## REQUIRED ACTION
Give the listing again word for word. Leave every image out.

## INFORMATION PROVIDED
○ ○ ○ ○
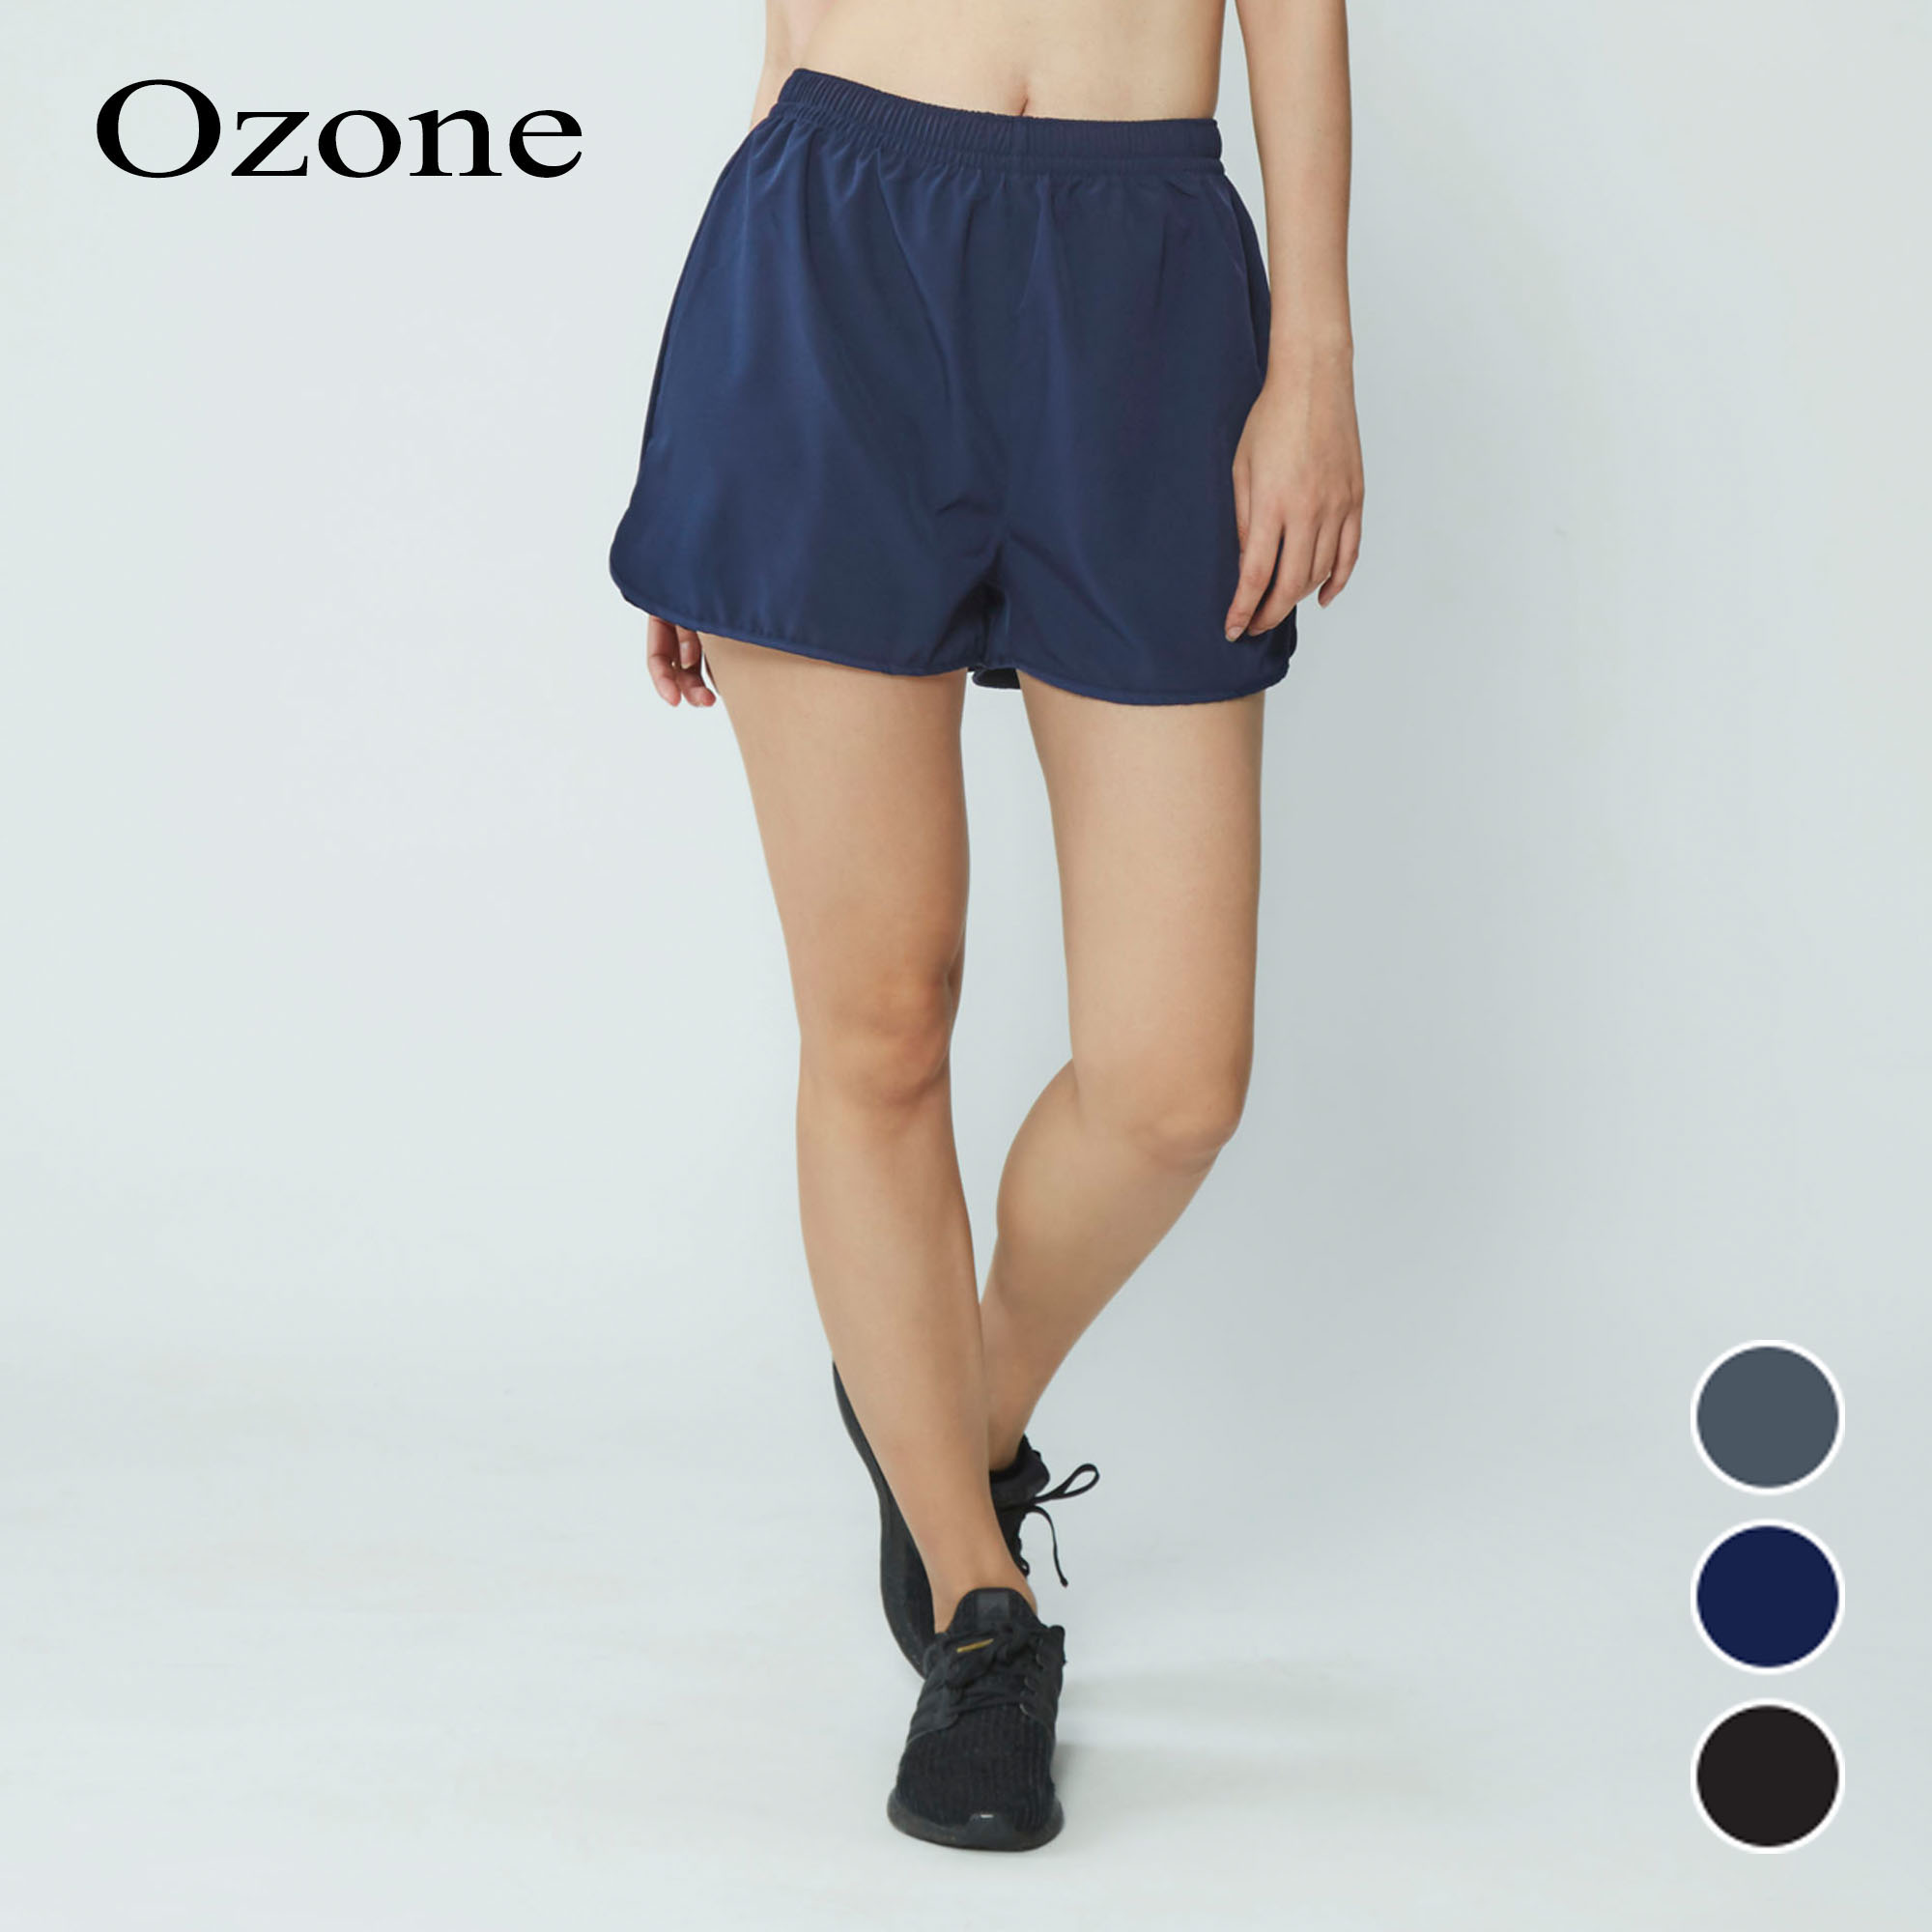 OZONE SHORT PANT ชุดออกกำลังกาย กางเกงขาสั้น มีให้เลือก 3 สี รุ่น WP2001
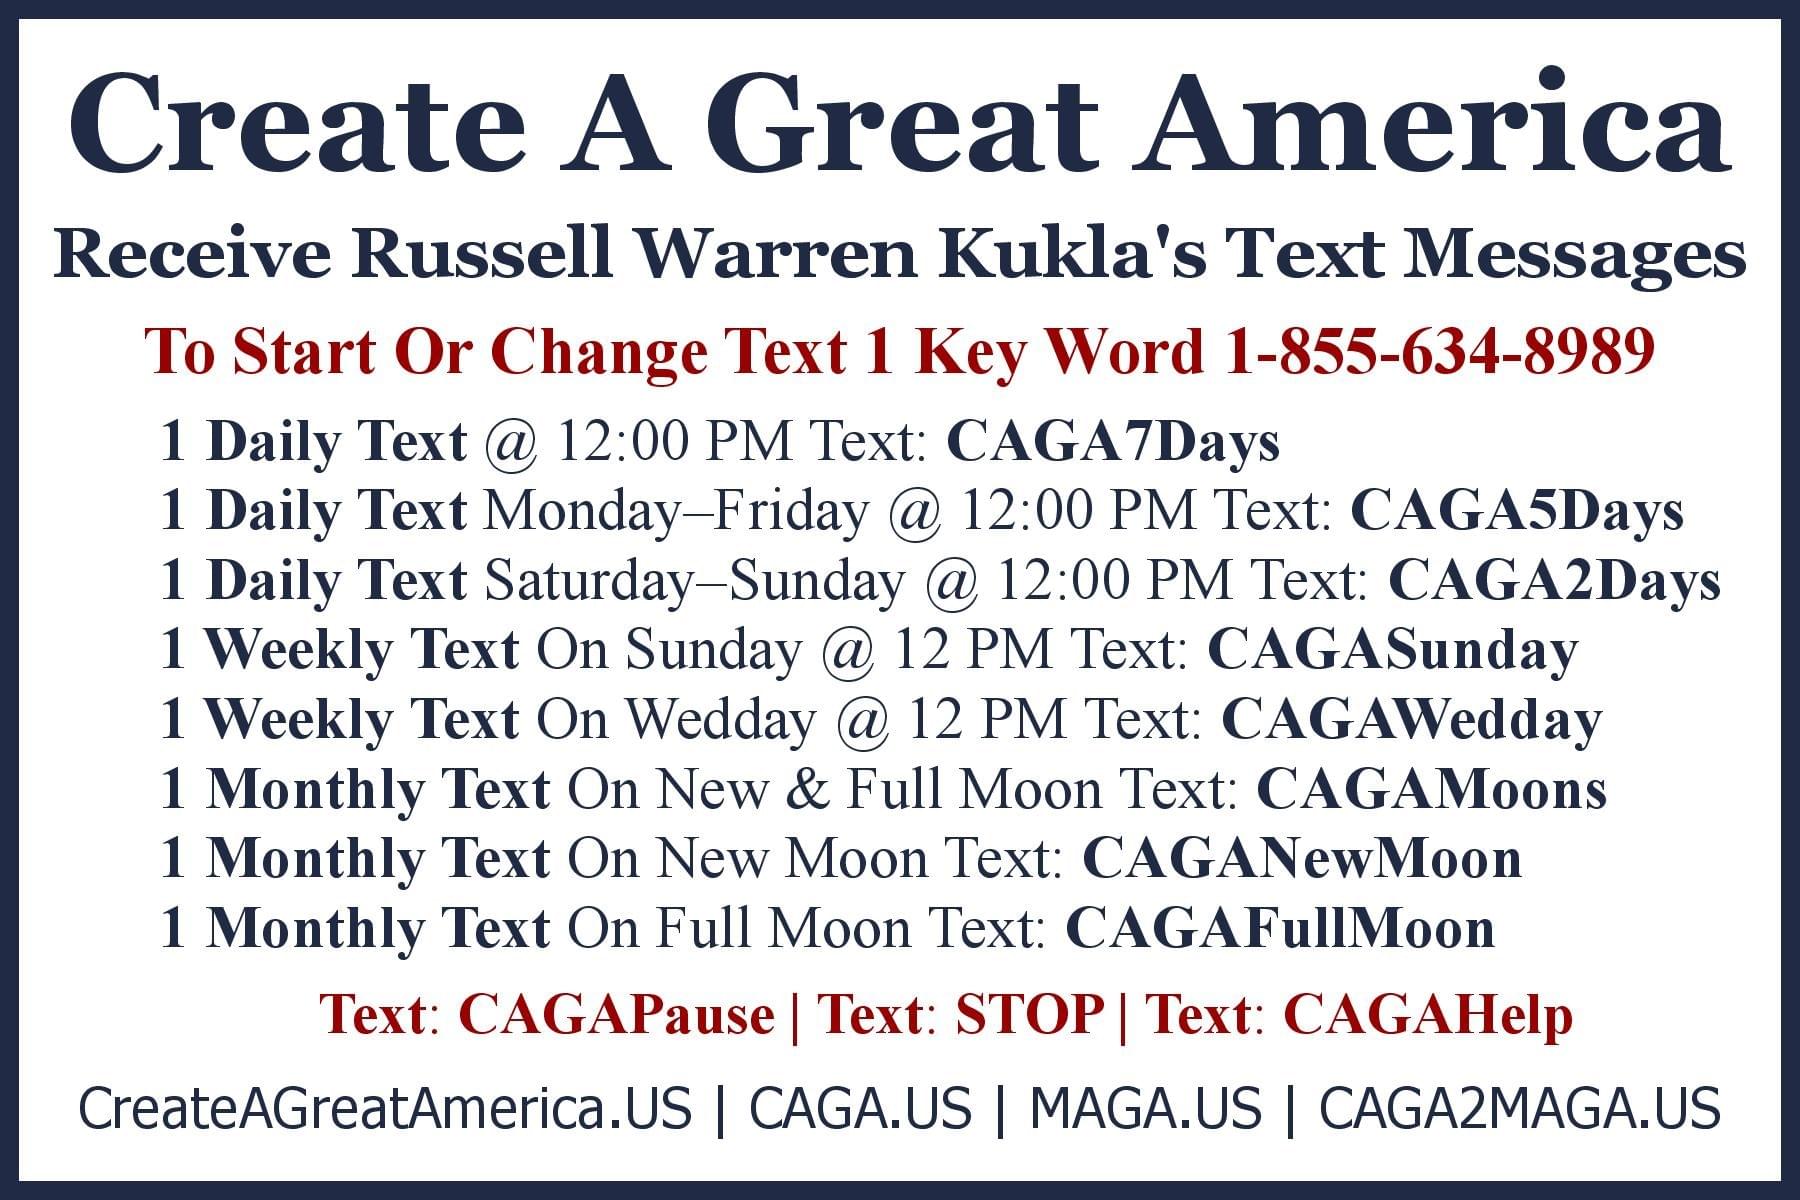 Create A Great America, Make A Great America, Make America Great Again, CAGA, MAGA, CAGA2MAGA.US, RWK2TLK.US, TLK2RWK.US
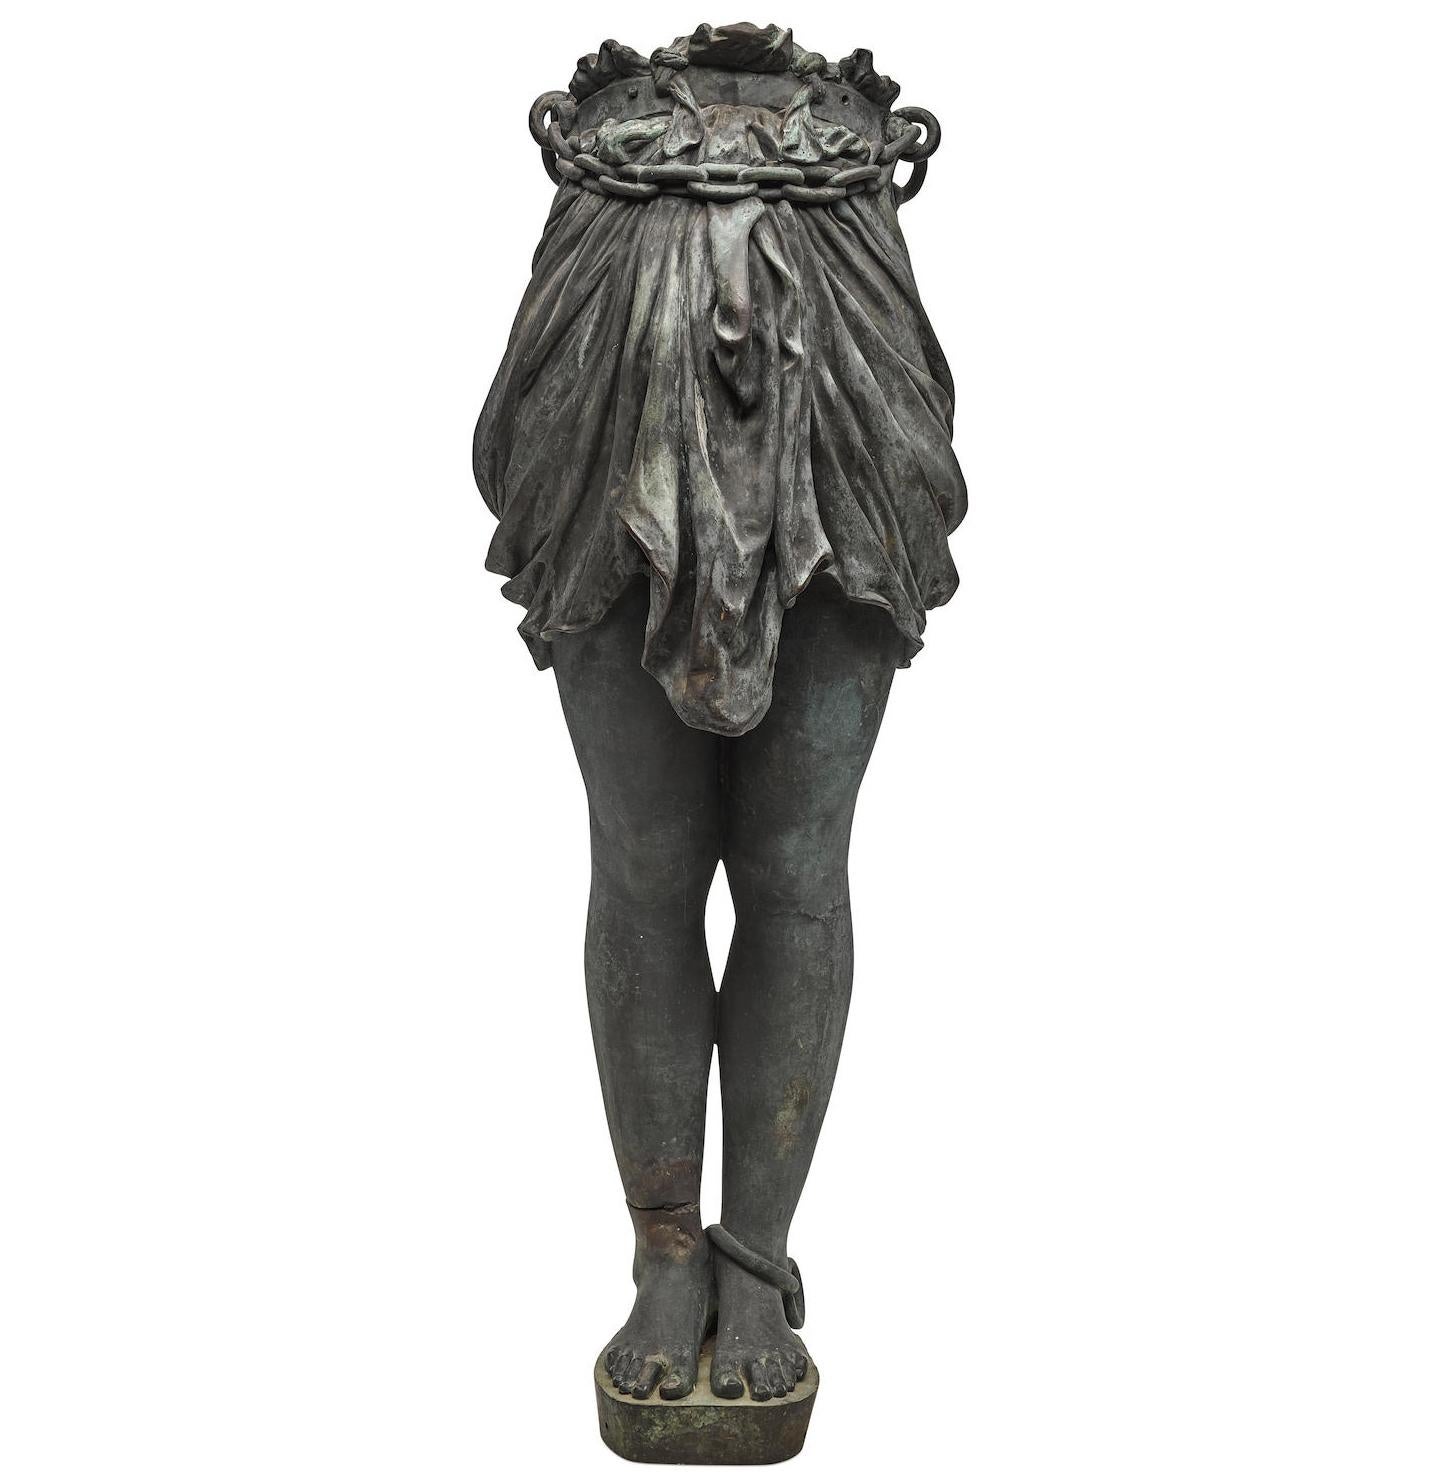 Une belle demi-figure d'Andromède en bronze patiné de style néo-grec, probablement française, de la fin du XIXe siècle ou du début du XXe siècle. L'extrémité inférieure de la femme, en bronze finement coulé, avec la taille enveloppée d'une lourde
○ ○ ○ ○
## ANSWER AREA
 OZONE SHORT PANT ชุดออกกำลังกาย กางเกงขาสั้น มีให้เลือก 3 สี รุ่น WP2001
 Create A Great America, Make A Great America, Make America Great Again, CAGA, MAGA, CAGA2MAGA.US, RWK2TLK.US, TLK2RWK.US
 Une belle demi-figure d'Andromède en bronze patiné de style néo-grec, probablement française, de la fin du XIXe siècle ou du début du XXe siècle. L'extrémité inférieure de la femme, en bronze finement coulé, avec la taille enveloppée d'une lourde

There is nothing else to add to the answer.